If “All Philosophers are Logicians” is True, then which of the following propositions is false?

• A. Some Philosophers are Logicians
• B. No Philosophers are Logicians
• C. Some Logicians are Philosophers
• D. No Philosophers are non-Logicians

Hint:

The direct contradictory of “All S are P” is “Some S are not P”, but “No S are P” is clearly false when “All S are P” is true.

Answer 1

The Correct Option is B

Concept:
The given proposition is: \[ \text{All Philosophers are Logicians} \] This is an A-type universal affirmative proposition: \[ \text{All } S \text{ are } P \] Here: \[ S = \text{Philosophers} \] \[ P = \text{Logicians} \]
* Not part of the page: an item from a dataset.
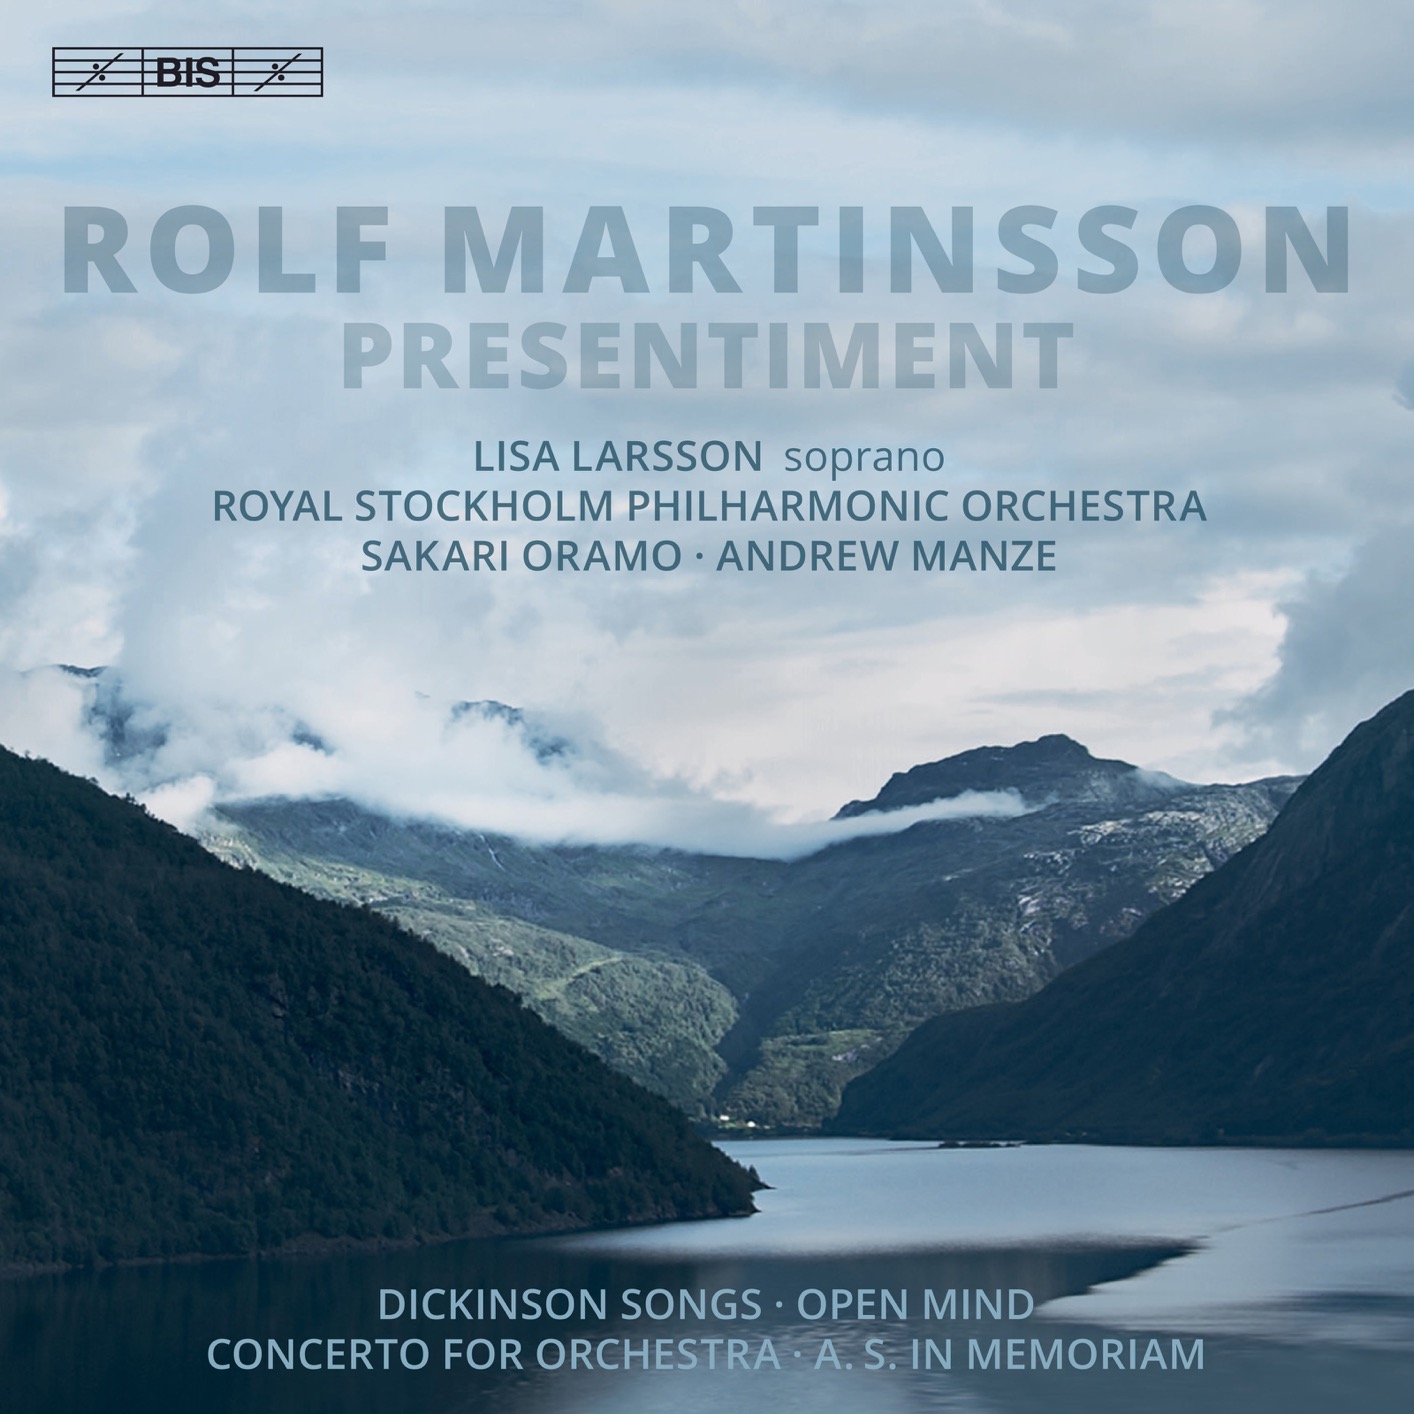 Royal Stockholm Philharmonic Orchestra & Andrew Manze - Martinsson: Presentiment (2018) [FLAC 24bit/96kHz]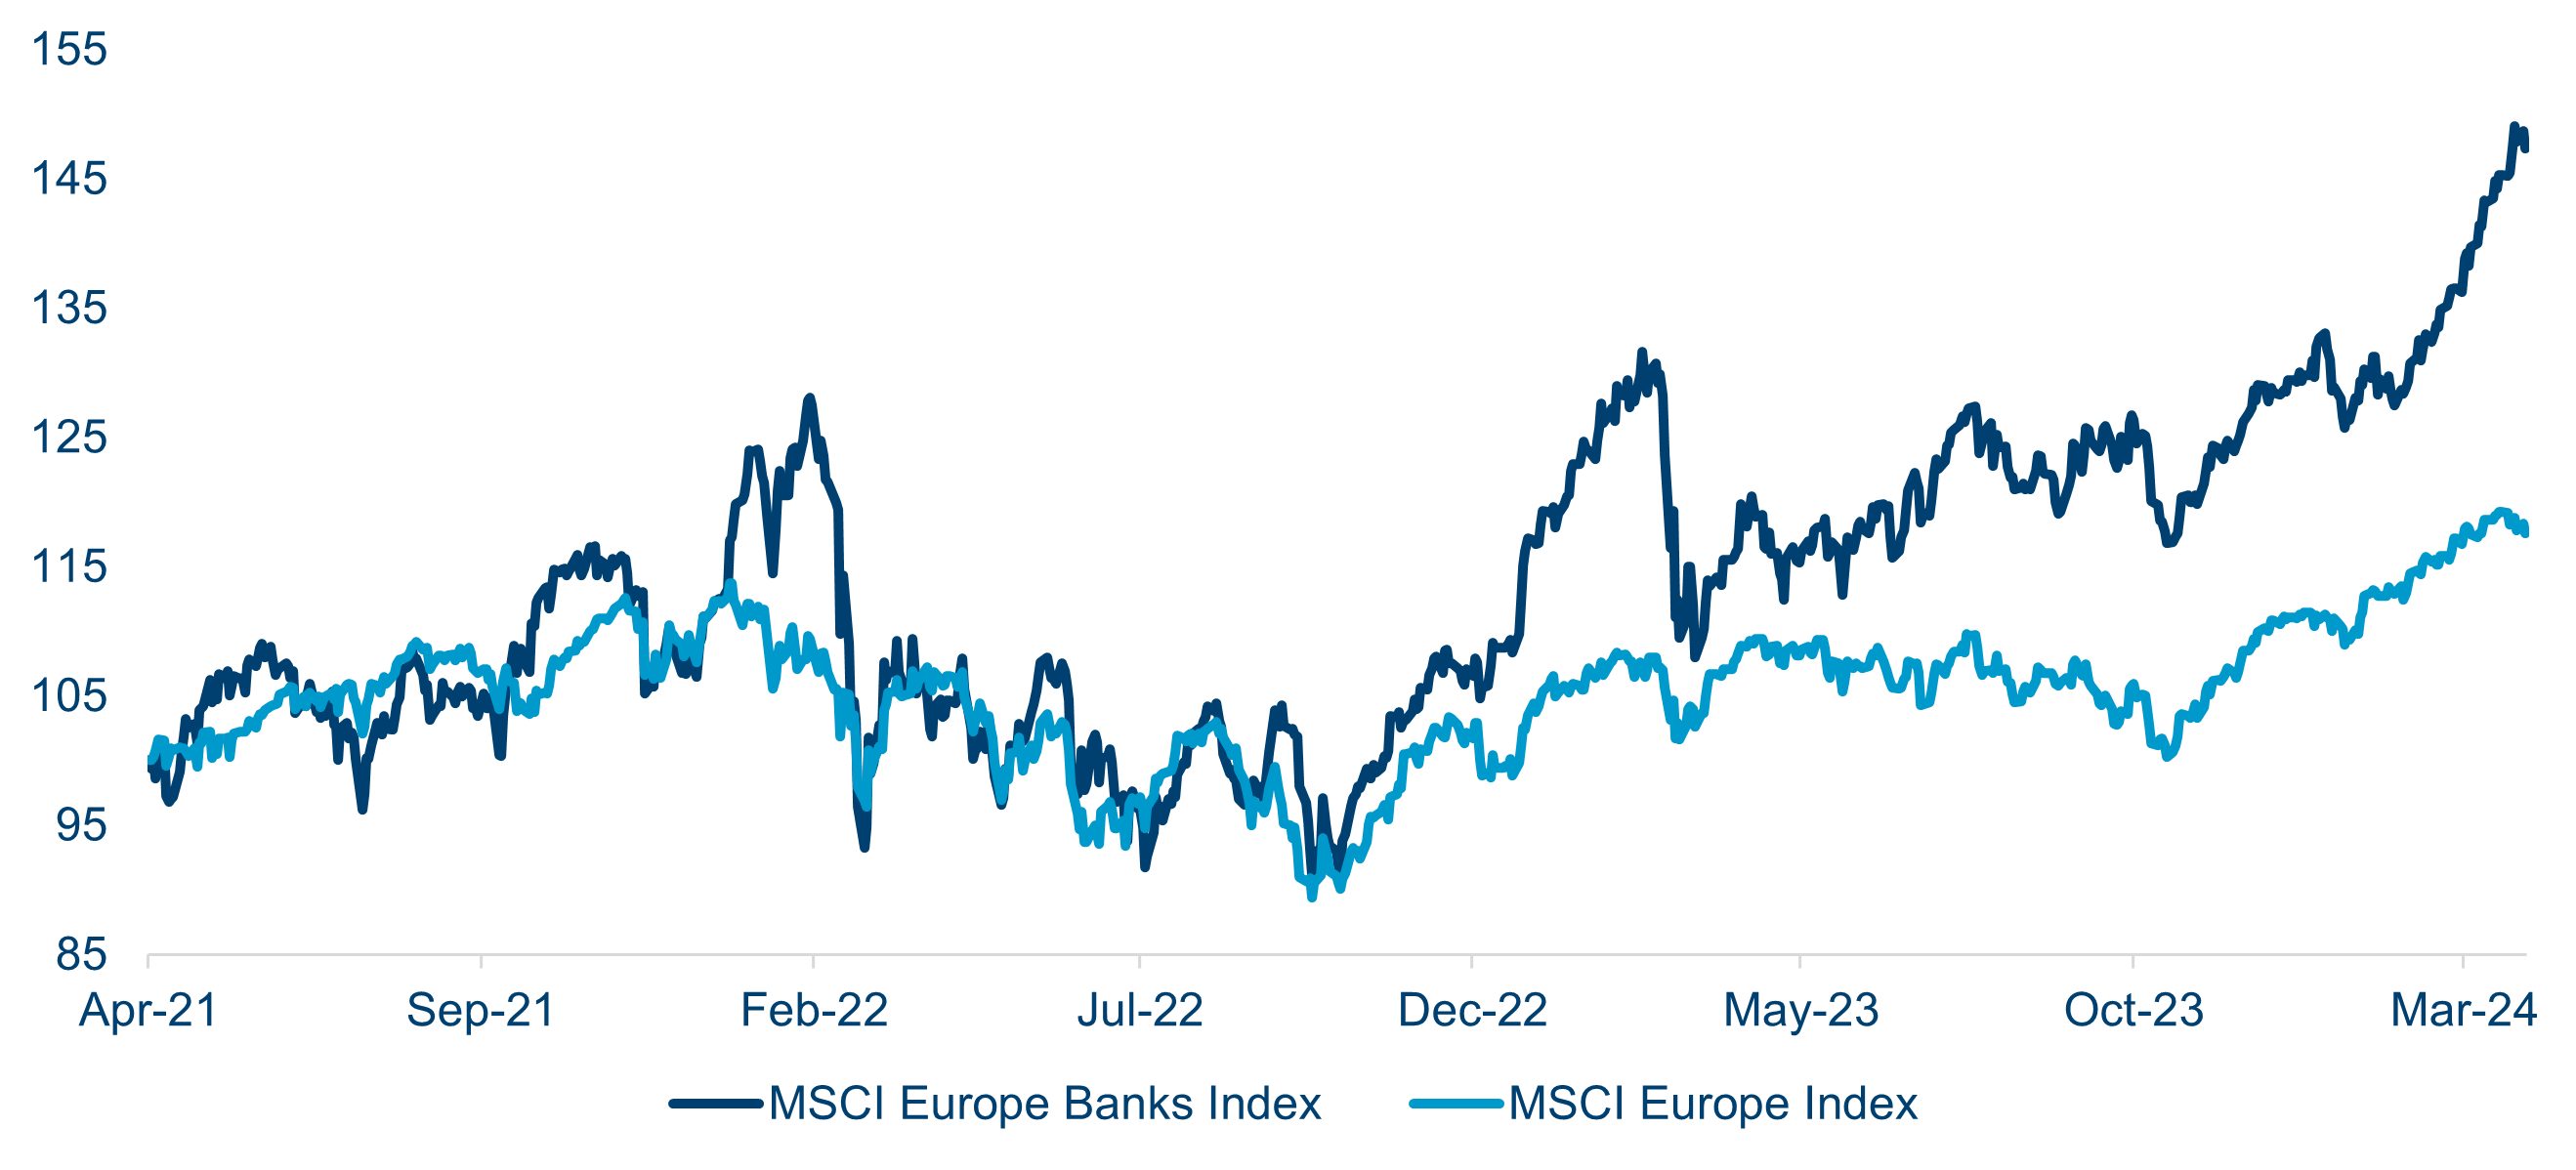 Msci Europe Banks Index Versus Msci Europe Index

Step 1: Understand the meaning.
The statement means every philosopher belongs to the class of logicians. So, if someone is a philosopher, then that person is also a logician.

Step 2: Check option (A).
If all philosophers are logicians, then it is also true that: \[ \text{Some Philosophers are Logicians} \] provided philosophers exist. So, option (A) is not false.

Step 3: Check option (B).
Option (B) says: \[ \text{No Philosophers are Logicians} \] This directly contradicts: \[ \text{All Philosophers are Logicians} \] So, option (B) is false.

Step 4: Check option (C).
If some philosophers exist and all philosophers are logicians, then some logicians are philosophers. So, option (C) is not false.

Step 5: Check option (D).
If all philosophers are logicians, then no philosopher is a non-logician. So, option (D) is also consistent. Hence: \[ \boxed{\text{No Philosophers are Logicians}} \]